A trivia question posed by host Tom Bergeron ("What's the happiest place on earth?") will trigger a jokey comeback from the occupant of the chosen square ("It's the proving ground for Viagra").
Then, when the swells of laughter subside, the celebrity will tender the official answer (Disneyland). But is this the truth or a bluff? That's what Contestant X or O must correctly judge to claim that square.
Of course, the biggest bluff by these celebrities is their own conviviality, as if their "Squares" appearance were only for fun.
As the show wears on, you can imagine each of them -- whether Jenna Elfman, Estelle Getty, Coolio, a pair of Baldwin brothers, or some celebrity you'd never seen or heard of before -- reminding themselves why they came: to gain a wider audience, to promote a current project, or maybe just to savor a pause in an inexorable plunge back to obscurity. No, this is serious business.
Premiering last fall, the current "Hollywood Squares" revives what in 1966 began a 14-year run with chipmunk-faced Peter Marshall playing host to personalities like Rose Marie, Wally Cox and Paul Lynde.
But the corny charm of the original -- with its $1.50 daytime-TV look and its gang of has-beens on their last roundup -- is absent in this early evening '90s rehash. (In Utah, the show airs weekdays at 4:30 p.m. on Ch. 2.)
Now everything is too glitzy, too self-aware, too exaggerated. (In the cavernous studio, Bergeron and the contestants are poised on a riser so high it looks like they're expecting a flash flood.) In short, too Hollywood.
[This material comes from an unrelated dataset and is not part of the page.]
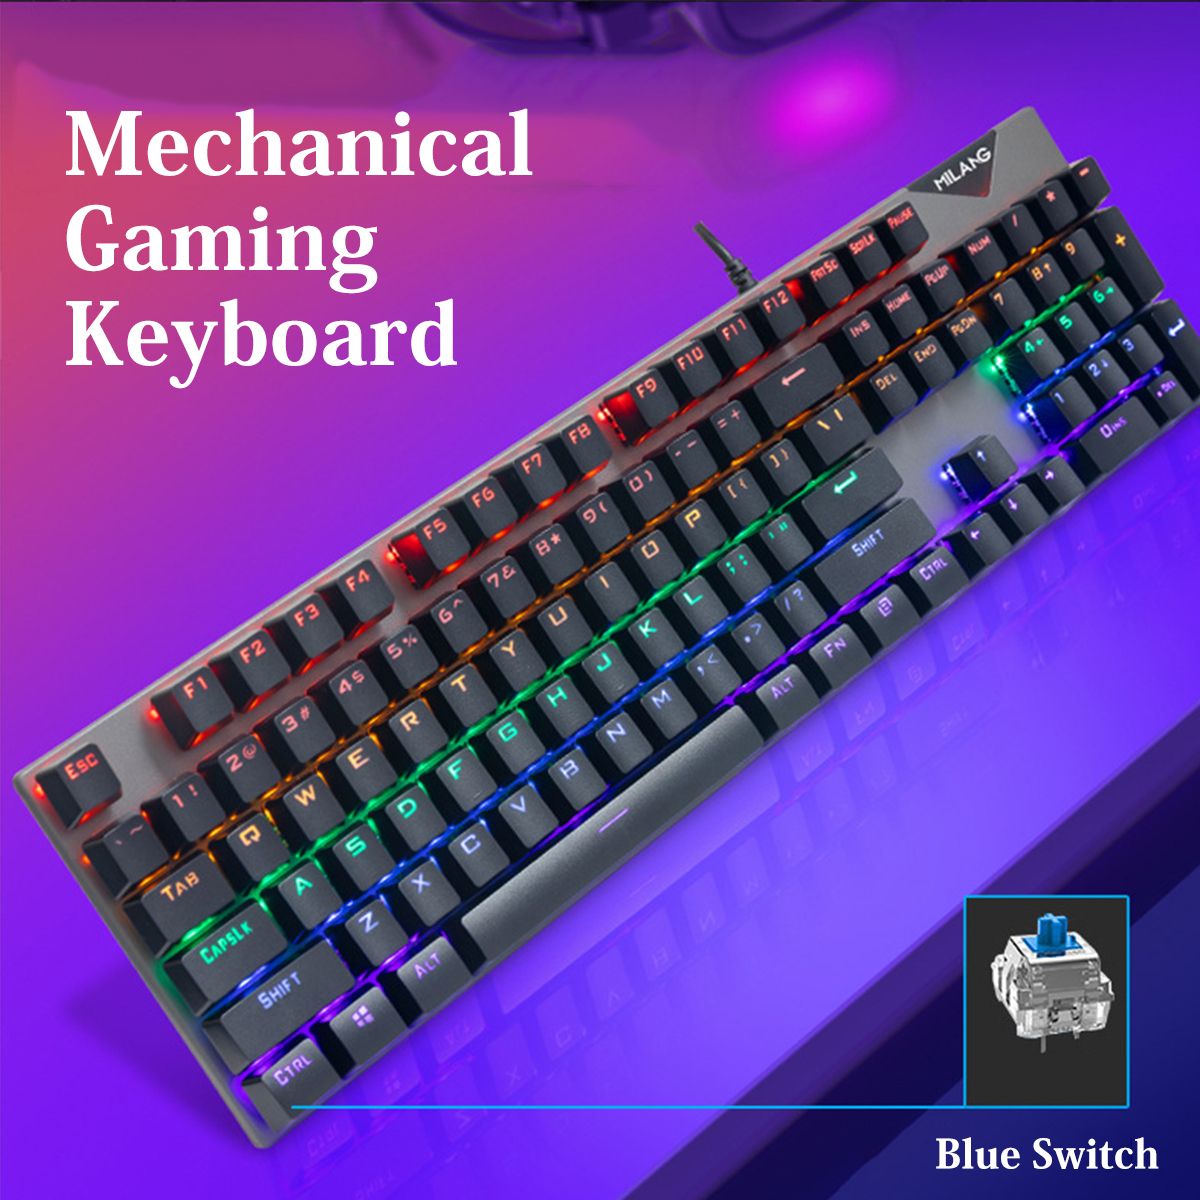 MILANG-K8-104-Keys-Wired-Mechanical-Keyboard-Blue-Switch-Metal-Panel-22-Backlight-Effects-Gaming-Key-1747738
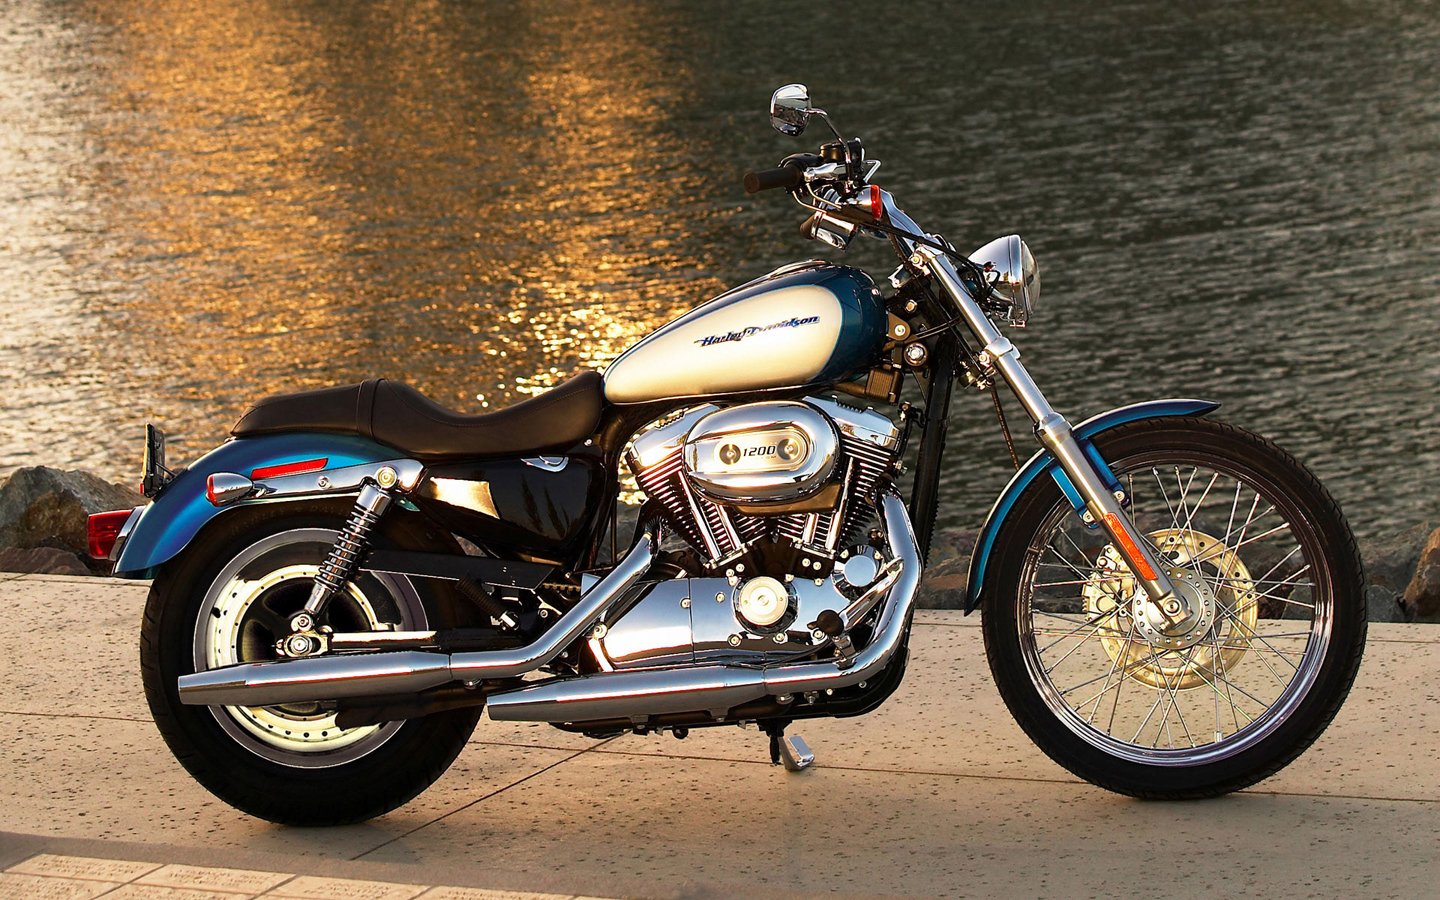 Harley Davidson Motorcycles Backgrounds

One thing, however, hasn't changed. It's still fun to see how dumb certain contestants can be.
For instance, Laura (who is O) picks the square inhabited by Bronson Pinchot, to whom Bergeron directs this question: "If you combine boric acid and silicone oil, what do you get?"
"Pamela Anderson's breasts," Bronson Pinchot quips. But, seriously, folks: "Bleach."
Laura agrees. Uh-oh. "You get Silly Putty," Bergeron discloses. X gets the square.
Next turn, Laura picks the square with Katsy Chappell, for whom the most obvious question might be, "Who's that?" Instead, Bergeron asks, "What famous brothers are named Leonard, Julius, Herbert and Adolph?"
To this, Katsy Chappell answers: "The Brothers Karamazov." Laura agrees. Oops. Turns out these are the real names of the Marx Brothers. X gets the square.
For Laura and any alert viewers, there's a valuable lesson here: Don't place your faith in celebrities; star worship can lead you astray. But that's not the only principle at work on "Hollywood Squares" in its current incarnation.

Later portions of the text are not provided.